** Directions **
Whenever a picture appears in the listing below, leave it out, and copy exactly the lines from the one containing "Teleferiqo on Cruz" through the end.

** Data block **
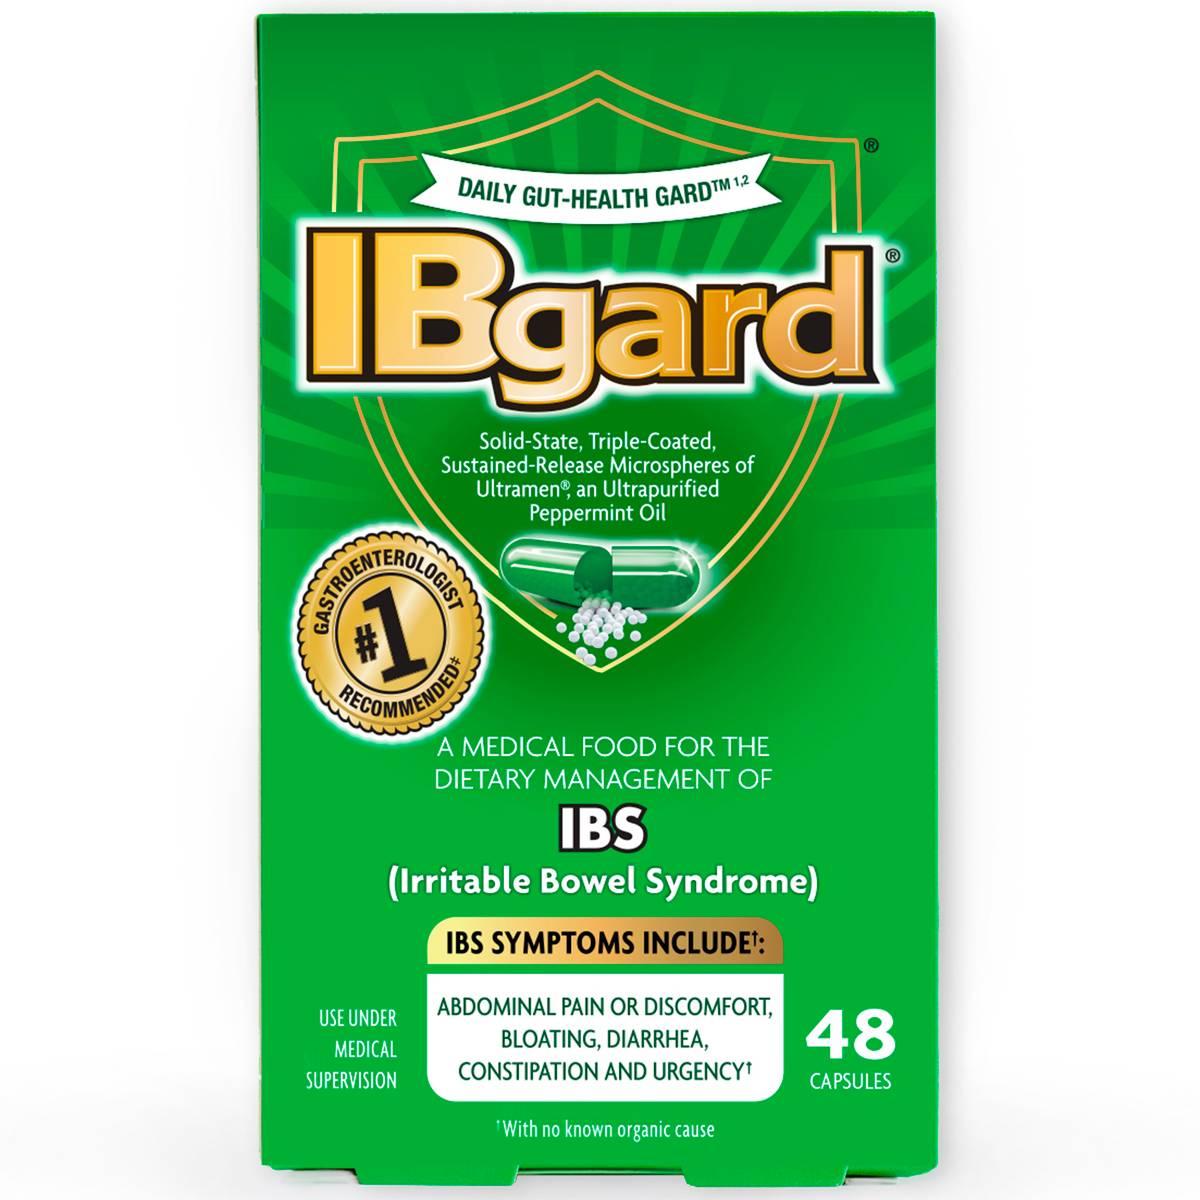 IBgard 48 capsules product
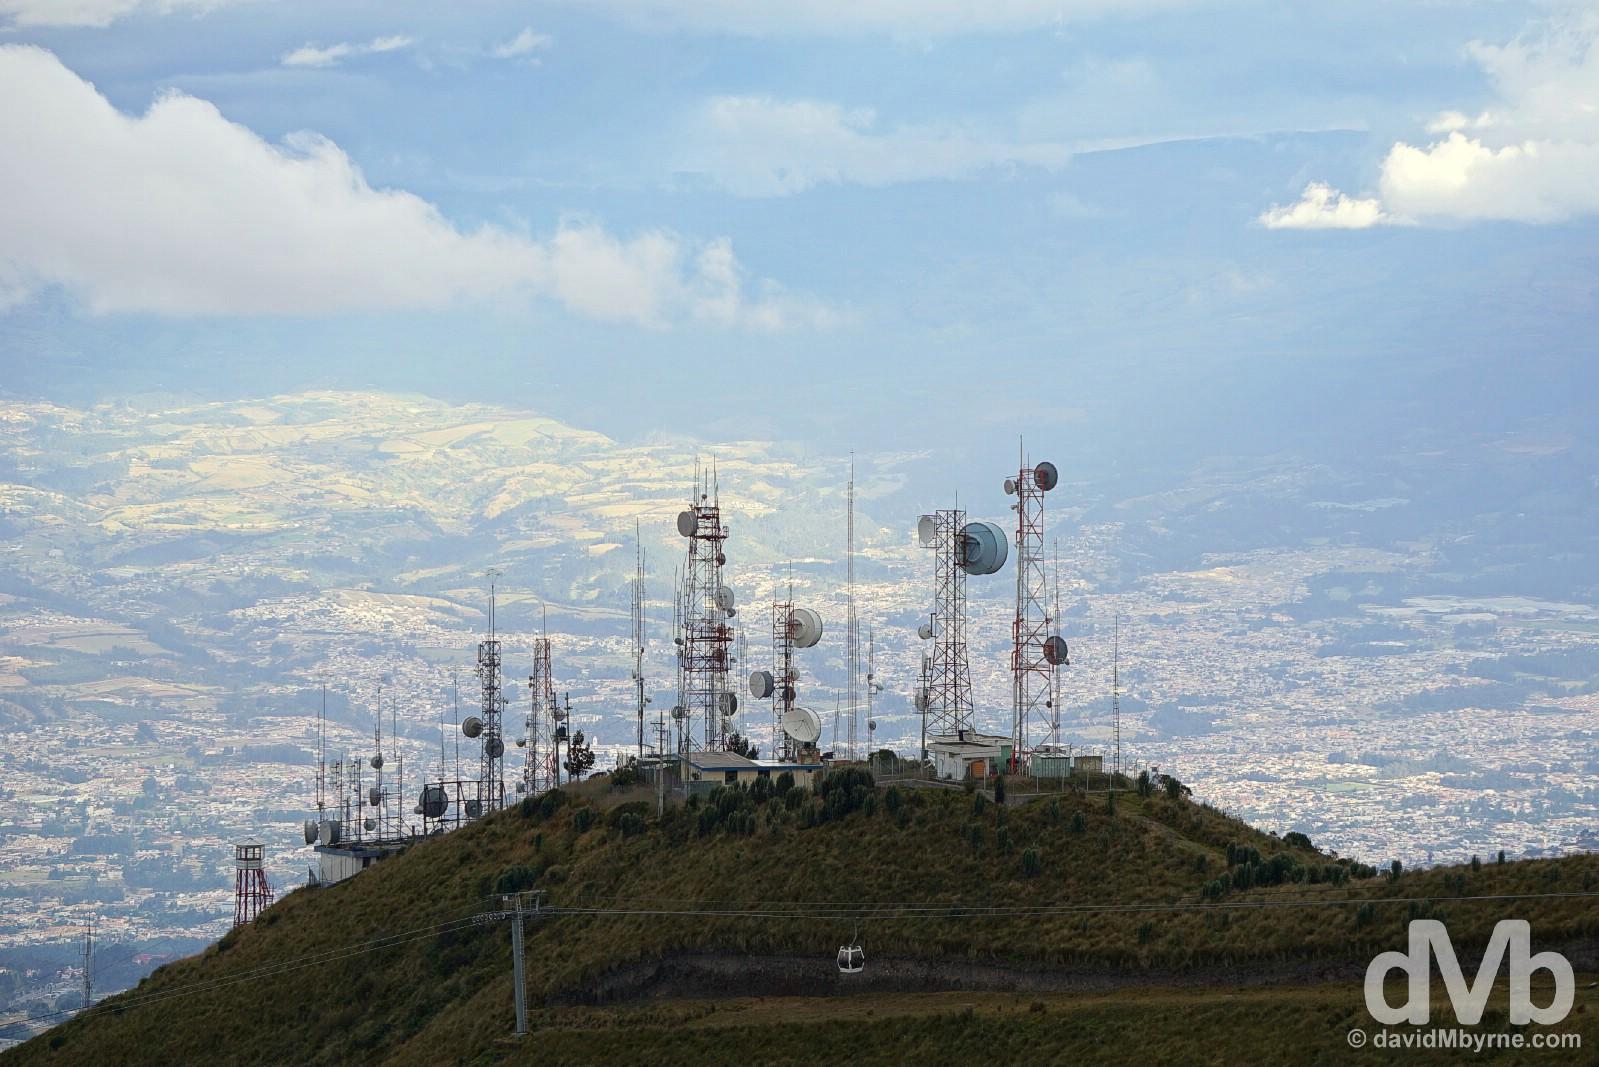 Teleferiqo on Cruz Loma overlooking Quito, Ecuador. July 5, 2015.
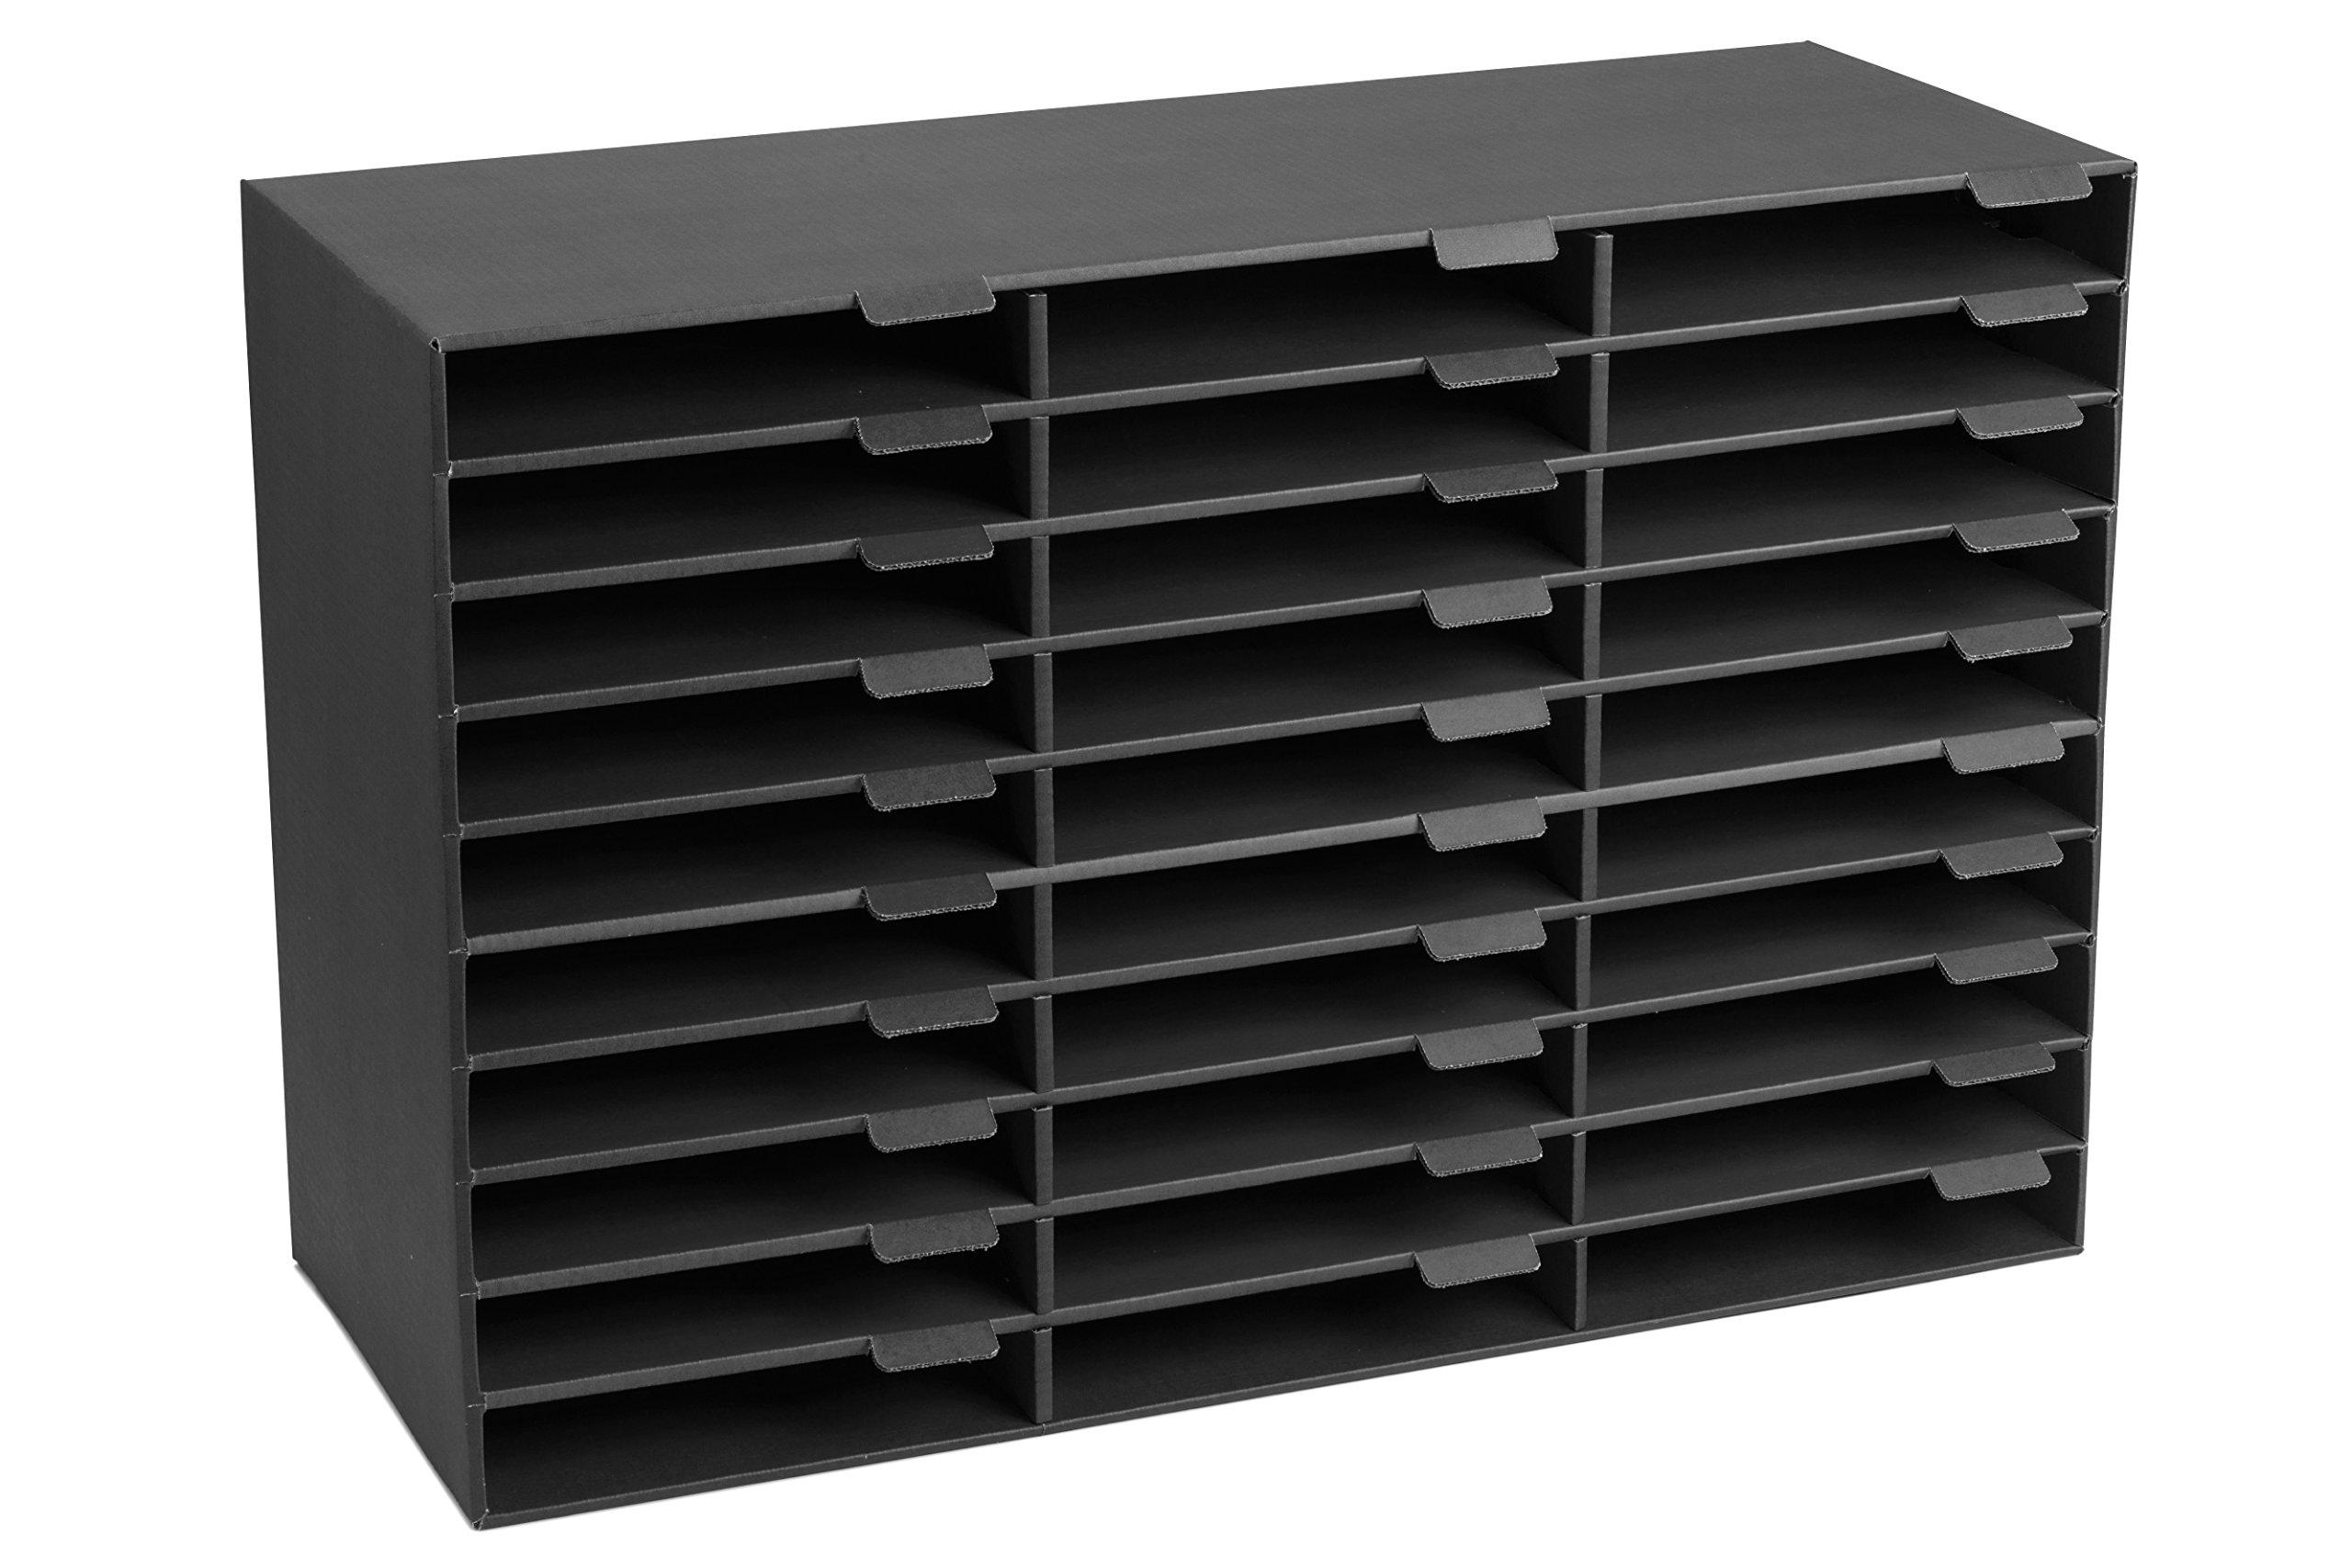 AdirOffice File Organizer Classroom - Office - Home - Corrugated Cardboard (30 Slots, Black) by AdirOffice

** Solution for this exercise **
 Teleferiqo on Cruz Loma overlooking Quito, Ecuador. July 5, 2015.
 AdirOffice File Organizer Classroom - Office - Home - Corrugated Cardboard (30 Slots, Black) by AdirOffice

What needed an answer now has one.